There’s something beautiful about the synergy of Wooden Bar. When the space was being revamped from an unused basement into 3Cross, Mewherter and Ly both had a hand in the renovations. Ly scraped the ceilings, and Mewherter sanded and polyurethaned the woodwork around the bar. While the world continues to change, so do restaurants. Life evolves and goes where it wants and needs to, which is something Mewherter understands innately. It’s what has attracted him to both woodworking and cooking.

“With carpentry and woodworking, at a certain point if wood is going to move in a certain direction then wood is going to move in a direction. You can't control that process. You have to work around it and adapt to it,” Mewherter said. “It’s similar to a lot of fermentation, you are beholden to a lot of natural processes outside of your control. It's about your response to it.”
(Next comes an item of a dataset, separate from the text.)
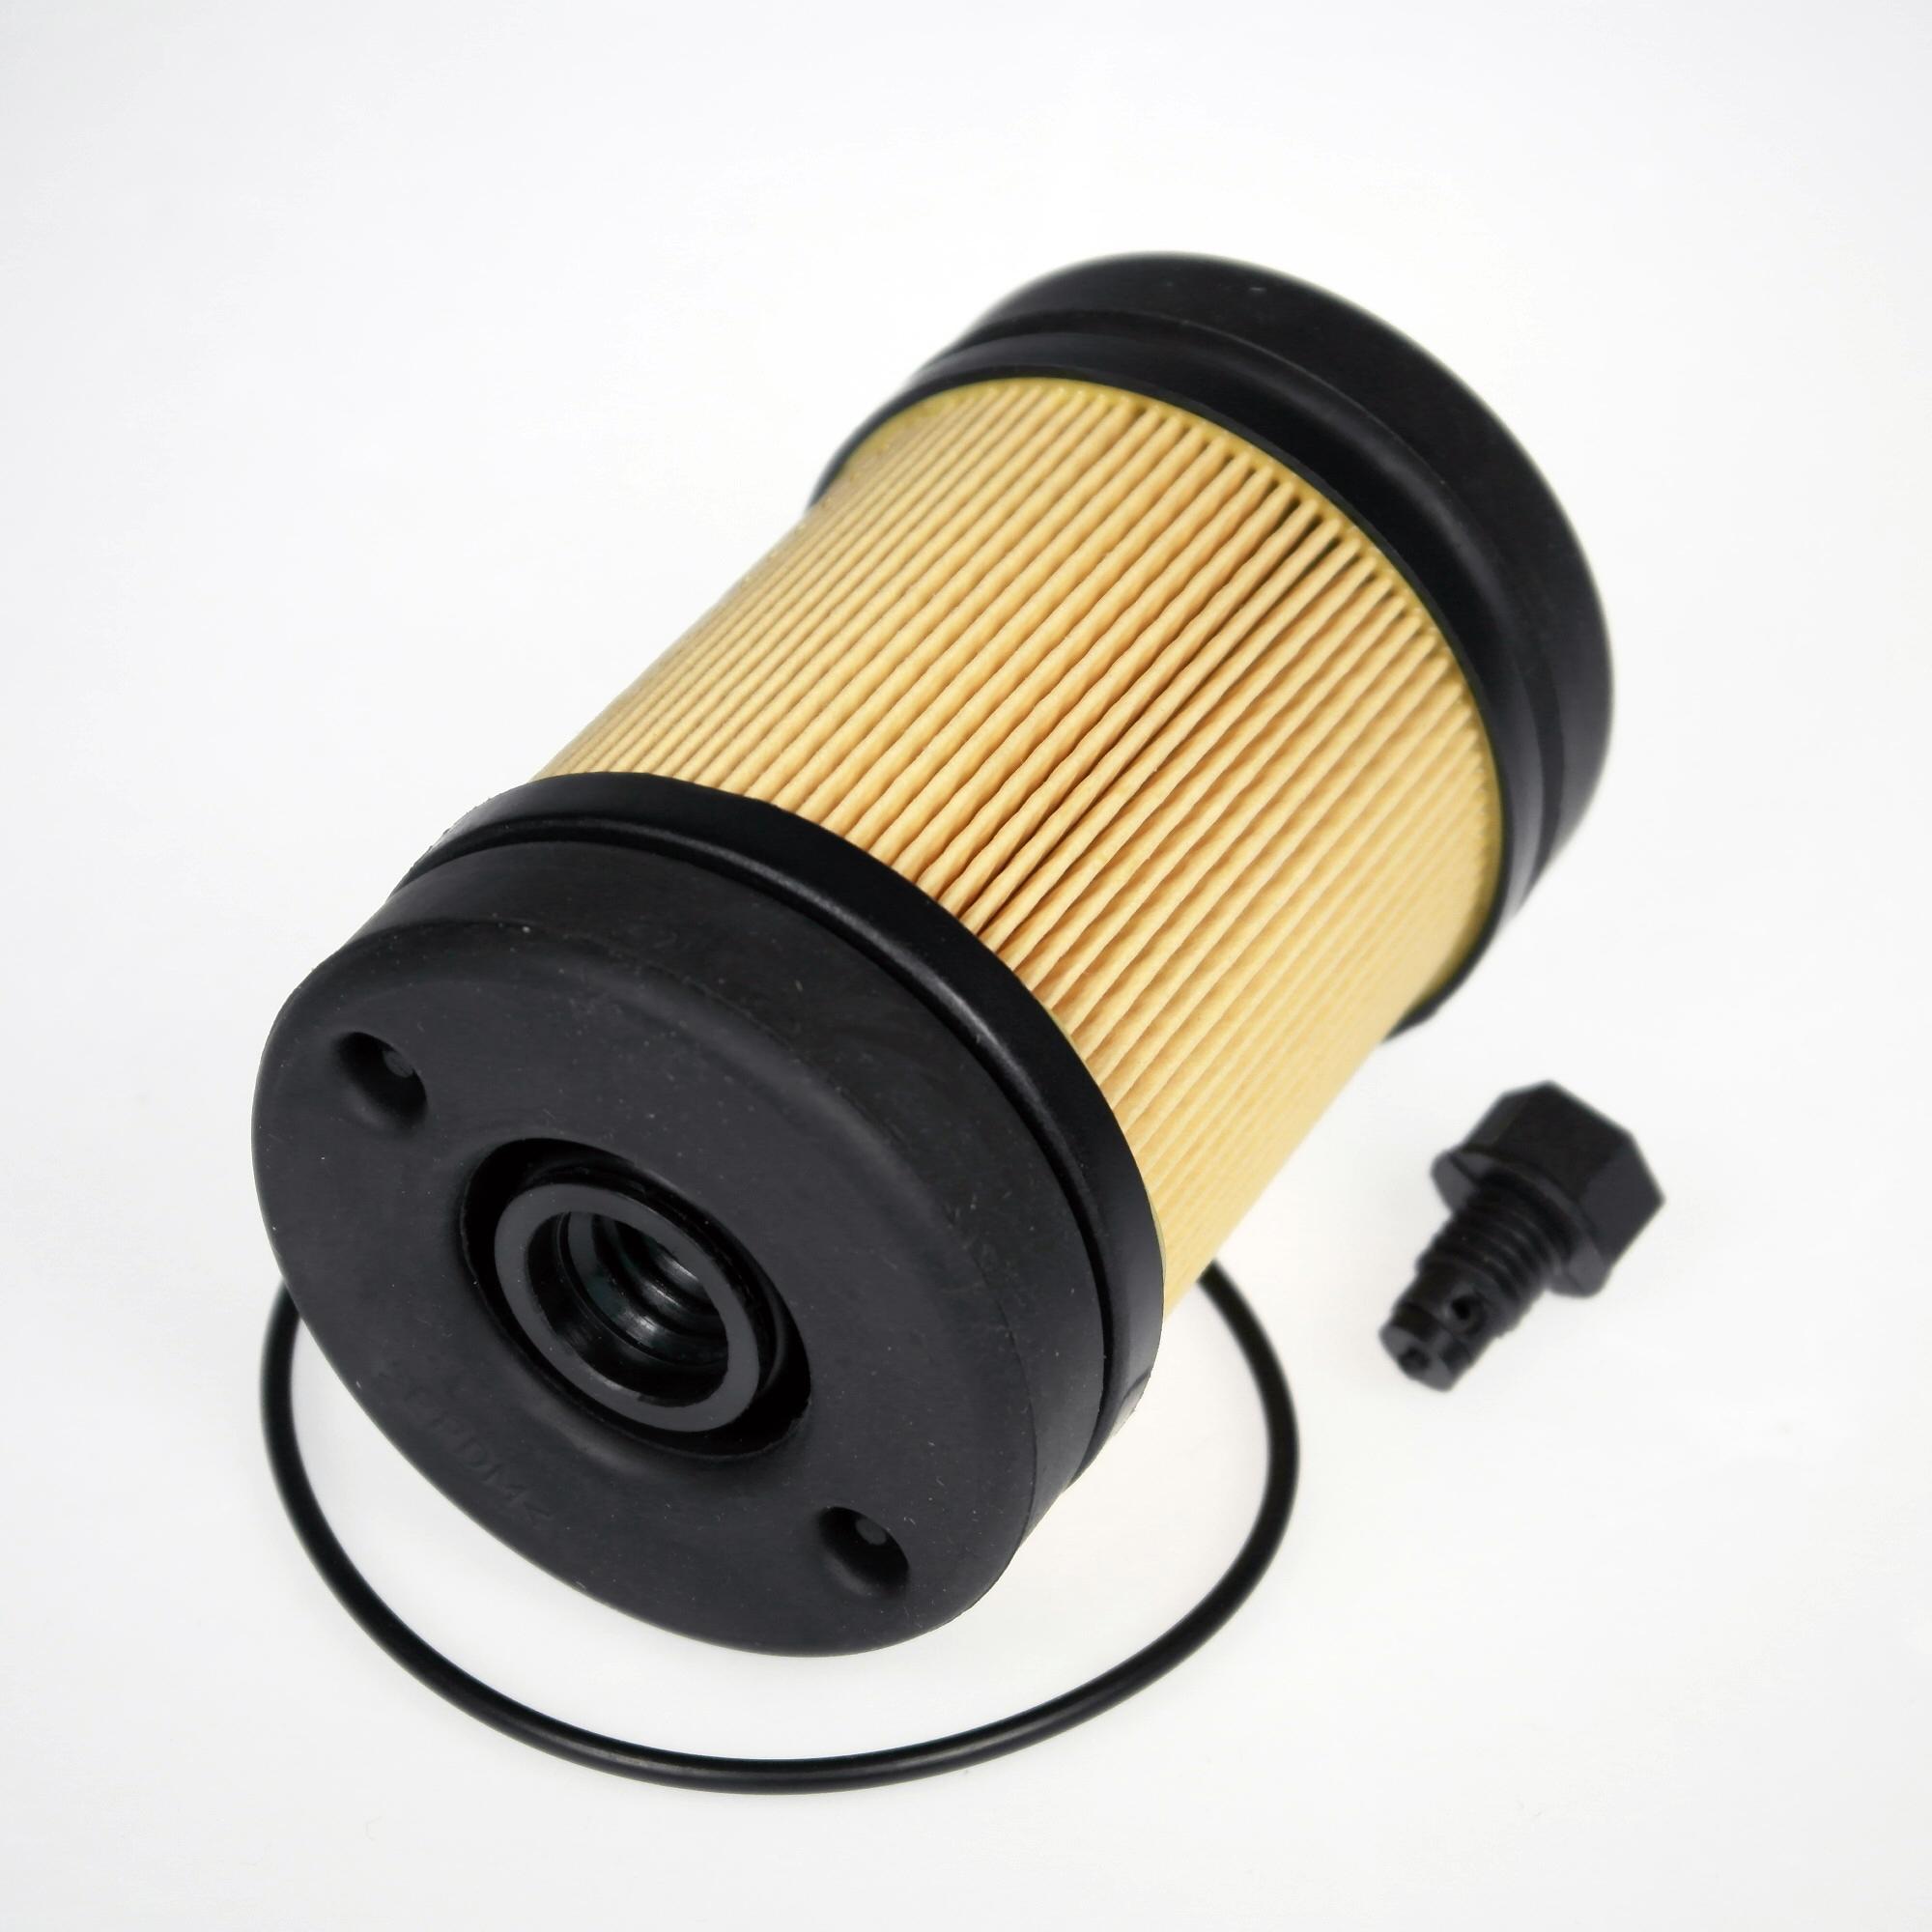 Filter element for AdBlue, item number 59804

On a Thursday night, soon after 5 p.m. a group of regulars arrived. They slowly showed up, each walking up to the bar to order their own food. Kids in tow. They sat at a long table and chatted about their week at work, life, the world never letting up. Noodles on the table. Pulled pork sliders in steamed milk buns arrived. They found a little pocket of happiness and community in a basement. Something new and different. It’s eerily reminiscent of the chicken shack where Andy Ricker started his Pok Pok Empire in Portland, Oregon, and helped create the food boom there: something simple, beautiful, and pure started by someone looking to open the world to the thing they wanted to create, but on their own terms. There’s no master plan. Organic.

Maybe even one day, Wooden Noodles will open on Saturdays.

“We're not opposed to being open on Saturdays” Ly said. “As soon as we can and have the right people in place, we will.”